Edited 2008-05-03 00:55 UTC
Well, you are wrong in your argument. BSD, SunOS, HP-UX, AIX, IRIX were all forked from the Unix Time Sharing System at one time or another. They probably do not contain much of that old code if any at all but most recent direct descendant is Novell UnixWare from 2004.
I don’t see many Unix programming books, but there is a load of Linux Programming books. Maybe bookstores in Utah are different!
We all know a certain CEO of bankrupt company is a complete and total ID10T.
What ID10T and his group of ID10Ts were trying to do is to create a “golden retirement parachute” from the Linux and Unix legal suit they had in their mind’s eye.
They took on IBM and IBM took their collective butts to task. Now they are up against Novell, which, by ruling, owns UNIX, not SCO, and it will be great to watch the village ID10T get his butt spanked again.

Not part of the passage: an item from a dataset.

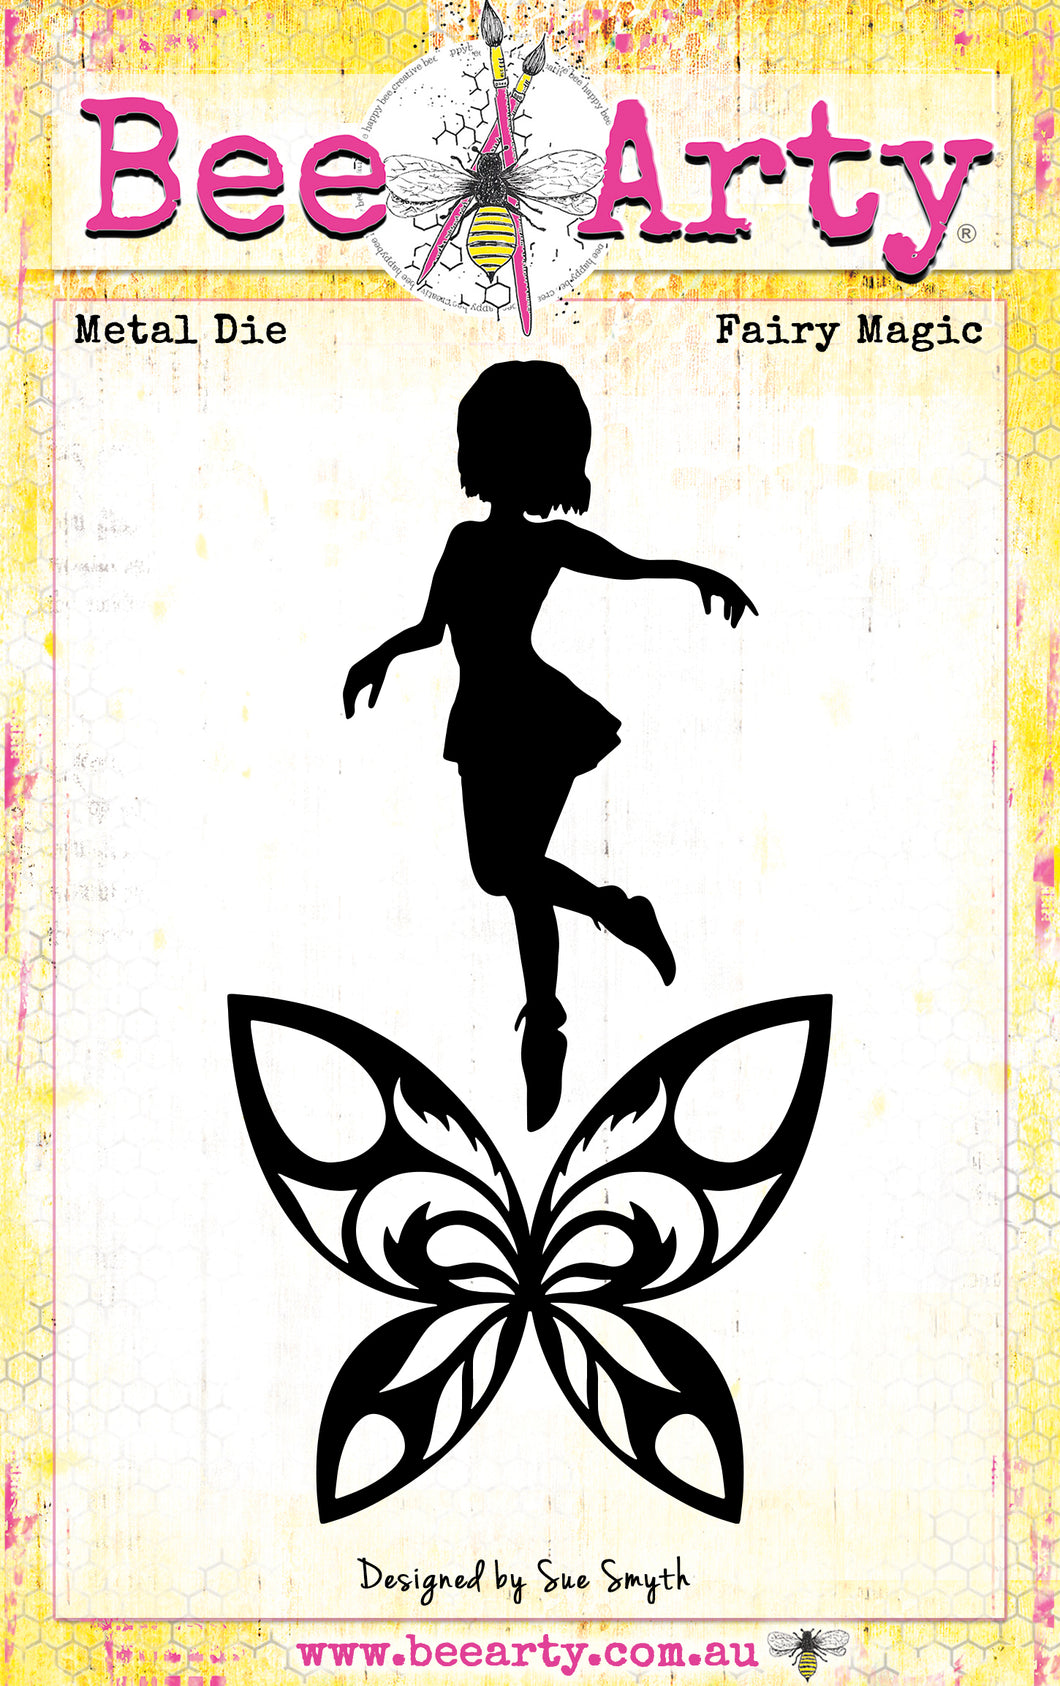 Fairy Magic - Metal Die

I thought Darl McBride was going to be replaced – have plans changed or has this just not happened yet?
http://osnews.com/story/19433/McBride_Ousted_at_SCO_Lawsuits_To_Con…
It’s explained here, along with some other interesting history regarding Darl McBride that I did not know before:
http://en.wikipedia.org/wiki/Darl_McBride
McBride is a babbling idiotic fool!
Is he Steve Ballmer’s twin by any chance?
Dave
Mozilla was a “copy” of Netscape. Firefox was redesigned from the ground up to replace Mozilla.